Мадам Терещенко машет в ее сторону рукой.

– Оставь. Я не тебя сюда пригласила, а ее… – она указывает на Мишет. – Возьми шкатулку со стола.

Марг берет со стола объемистую инкрустированную шкатулку, приоткрывает крышку и с удивлением смотрит на свекровь.

– Что это?

– Мои игрушки. Скопилось за жизнь.

– Тут целое состояние… Мы не можем это…

– Это не тебе, – перебивает мадам Терещенко. – Ты не бери. Это ей. Ее наследство. Ни тебя, ни детей твоих я видеть больше не хочу. Но этого хватит на то, чтобы ее вырастить, дать подобающее образование и приданое. Прощай.

Елизавета Михайловна встает, давая понять, что разговор окончен.

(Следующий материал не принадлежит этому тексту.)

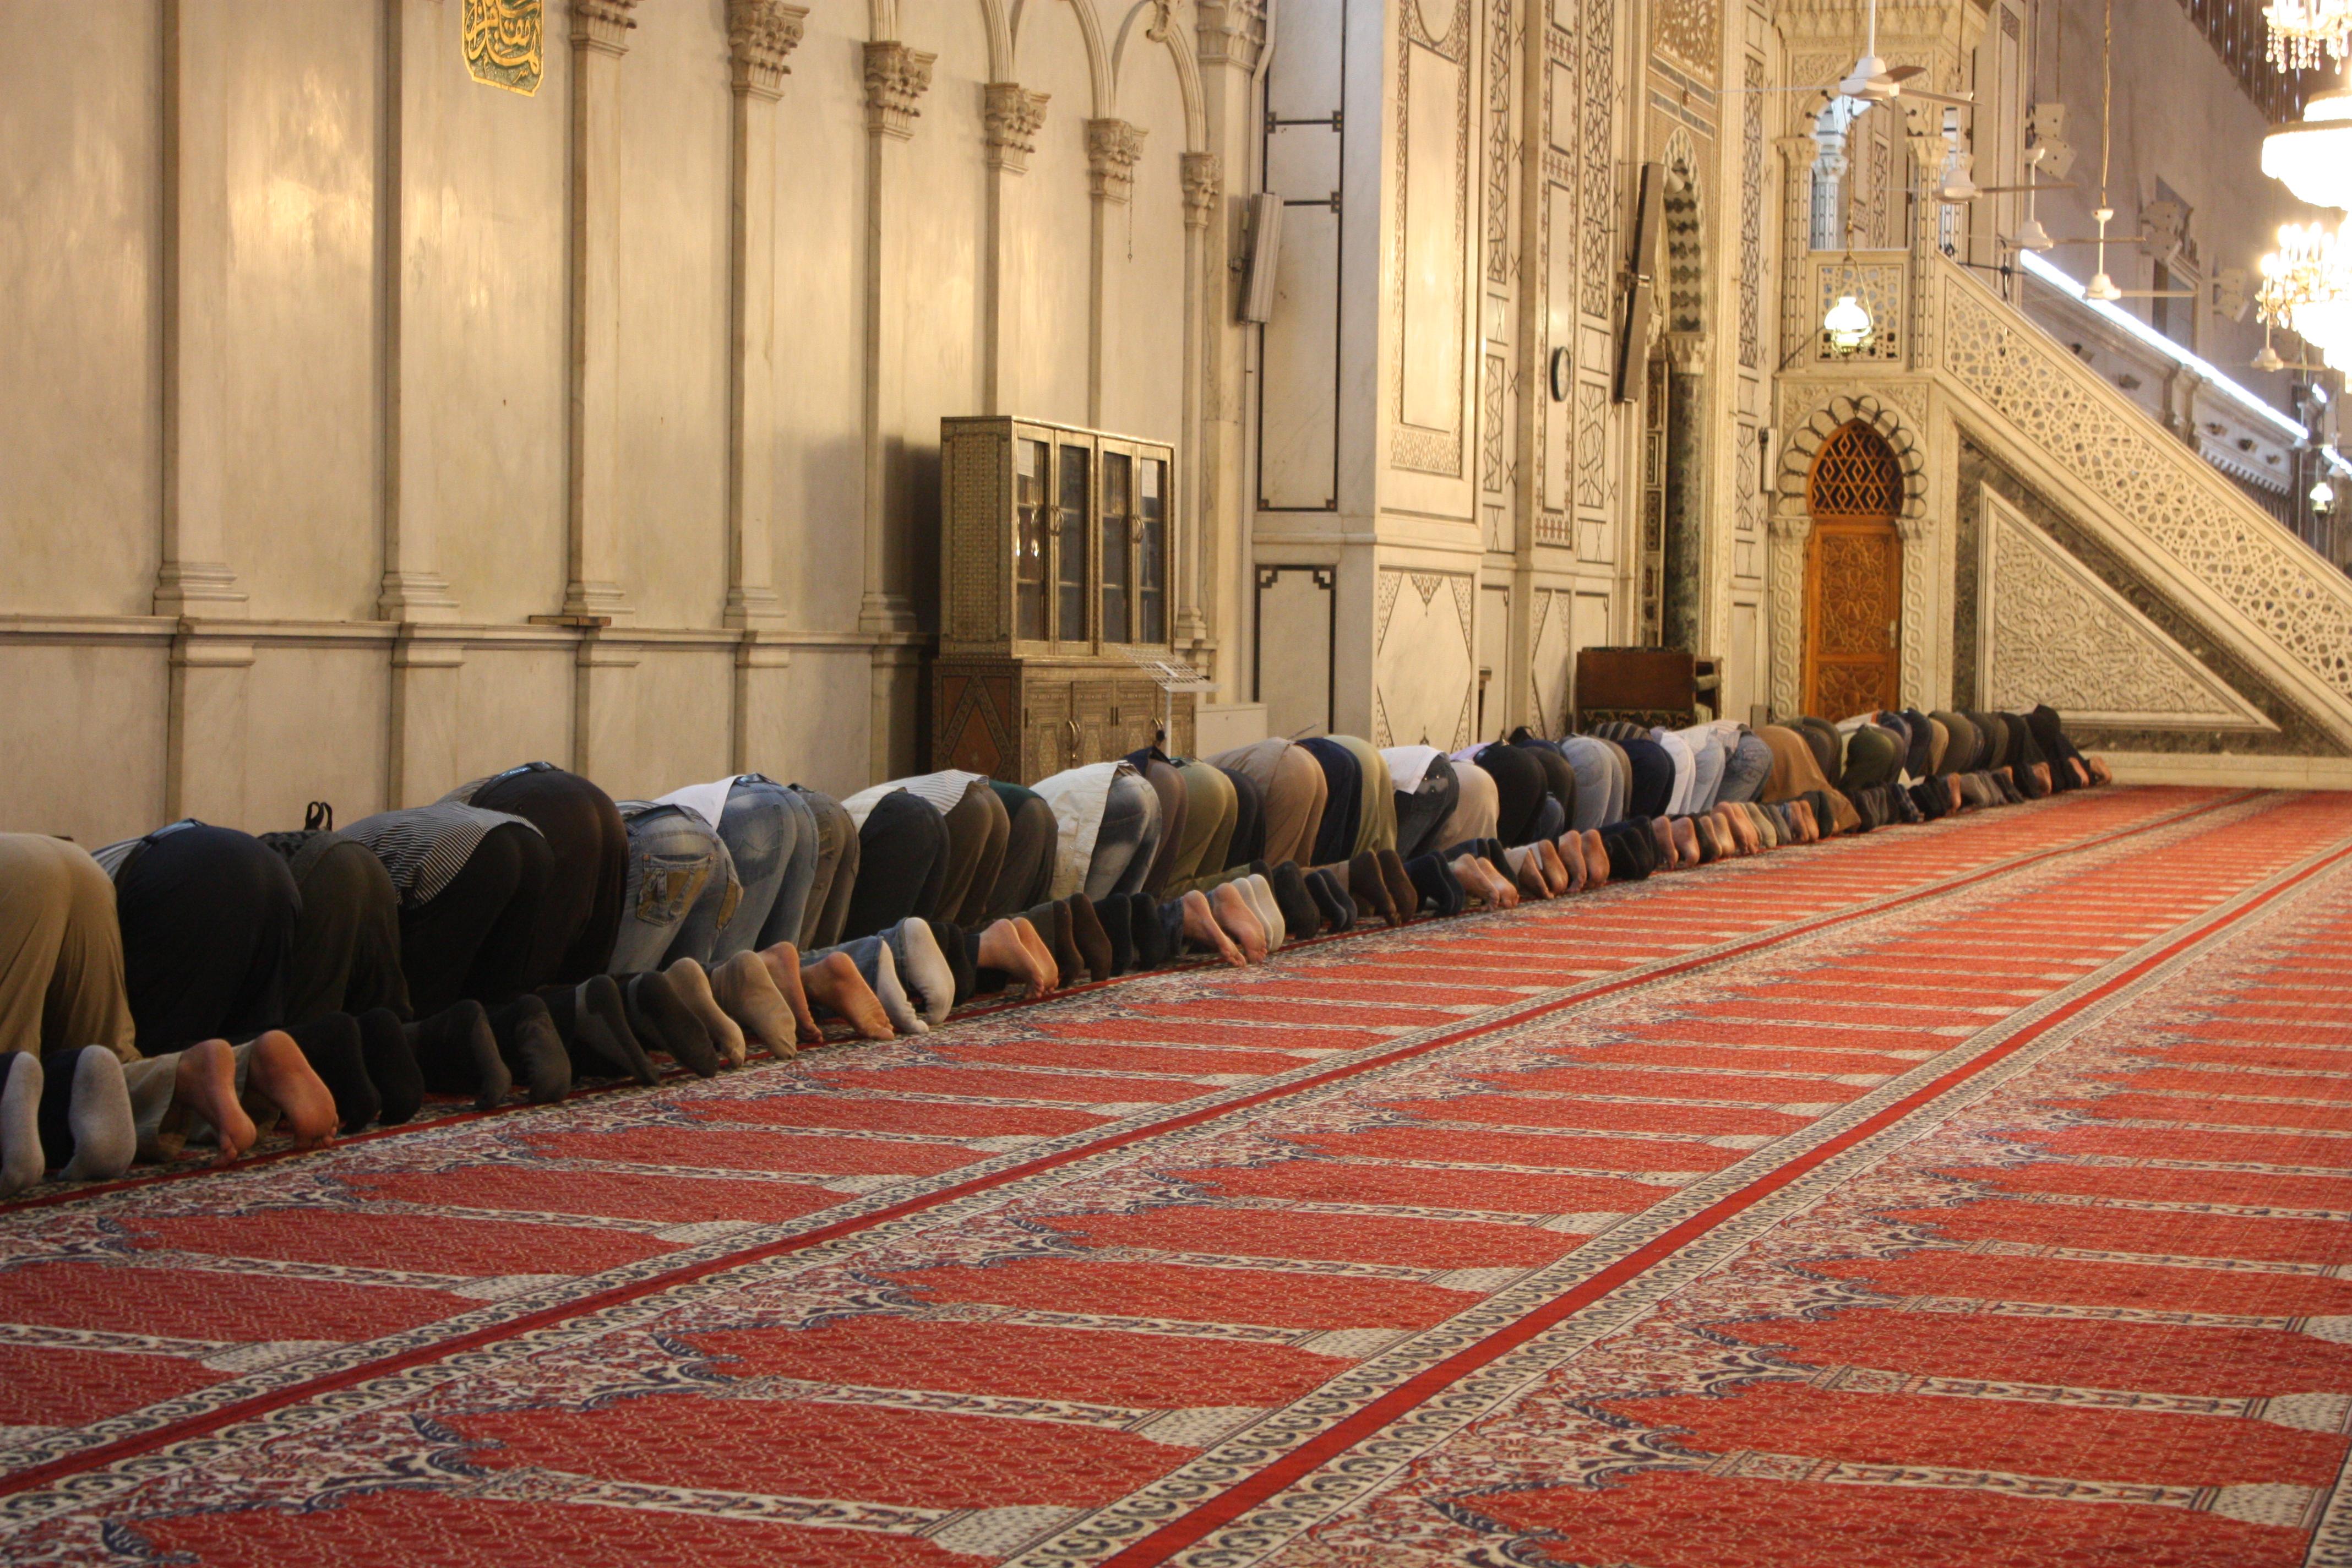 www.flickr.com/photos/azwegers/6362307027 Damascus, Umayyad Mosque, prayers - Arian Zwegers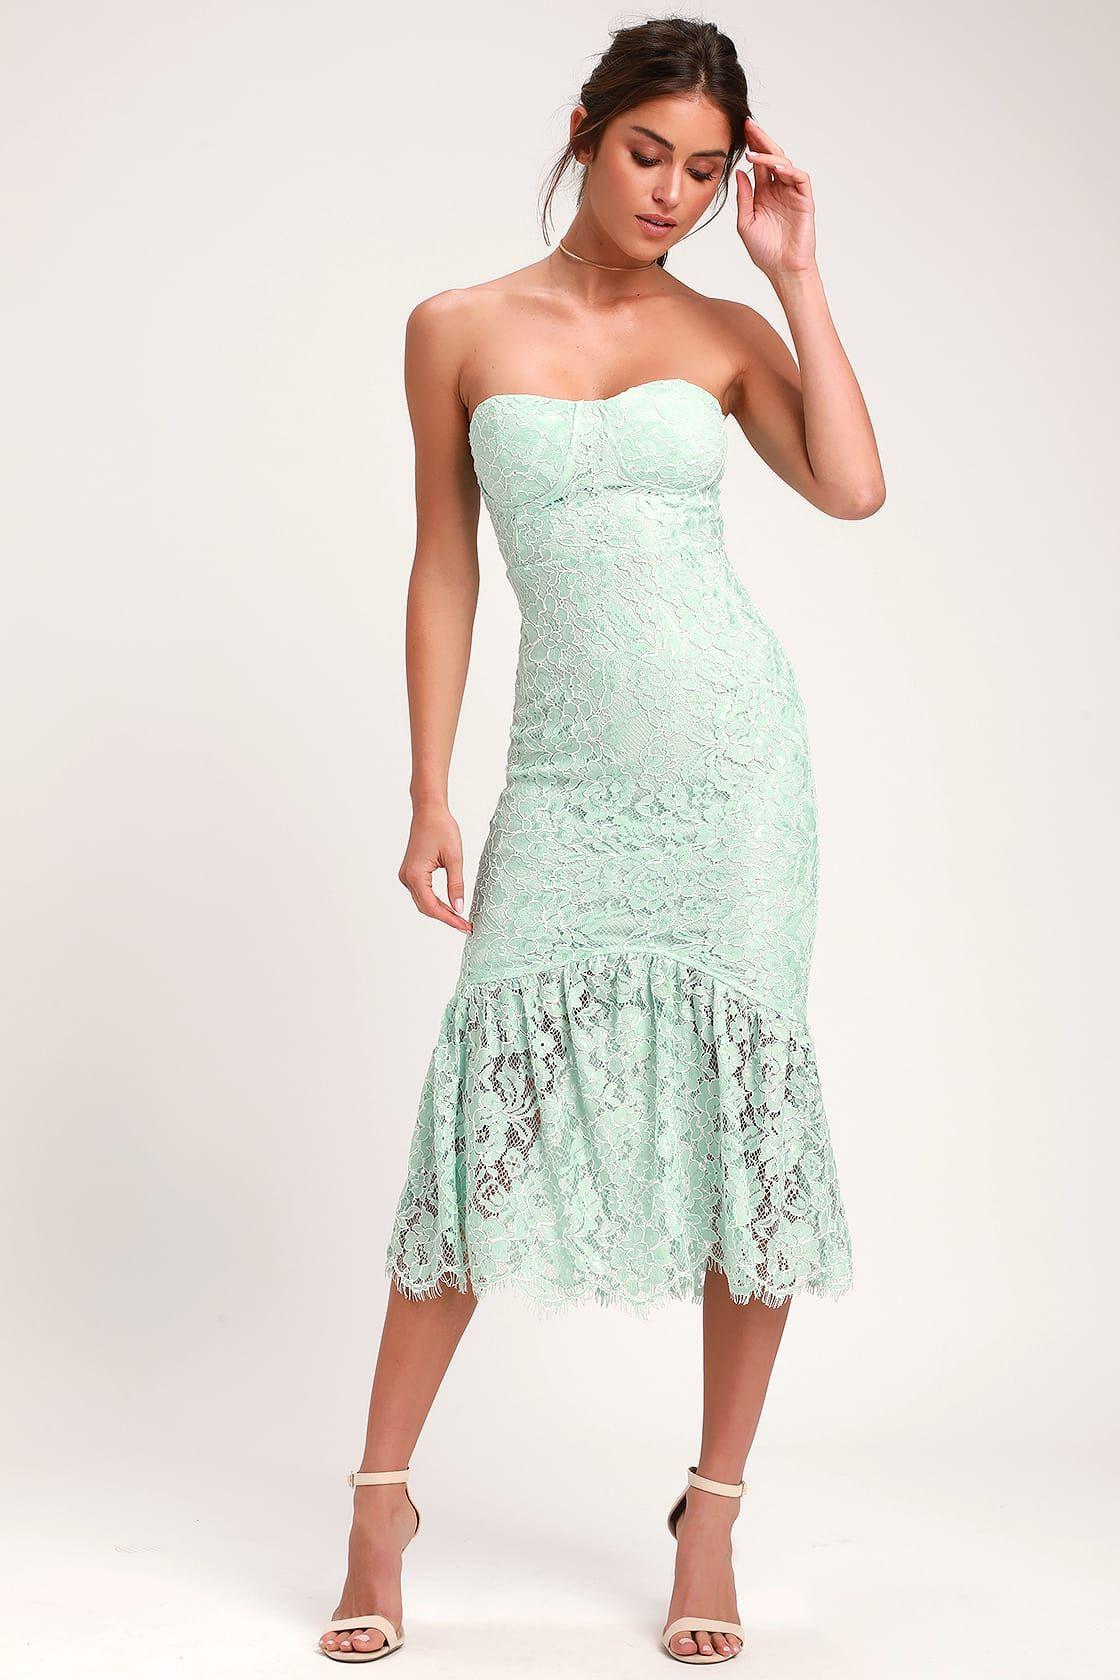 Divine nights mint green lace strapless midi dress

Встает и Маргарит – Мишет держит мать за руку. Мадам не сводит глаз с внучки, но не делает даже попытки ее позвать.

– Подойди, попрощайся с мадам, – говорит Марг девочке по-французски.

– Не надо, – в голосе мадам Терещенко металл и битое стекло.

– Я хотела бы сказать, что мне жаль, – говорит Марг. – Но мне не жаль, Елизавета Михайловна. Прощайте. Мы уезжаем в Дижон, к моей семье.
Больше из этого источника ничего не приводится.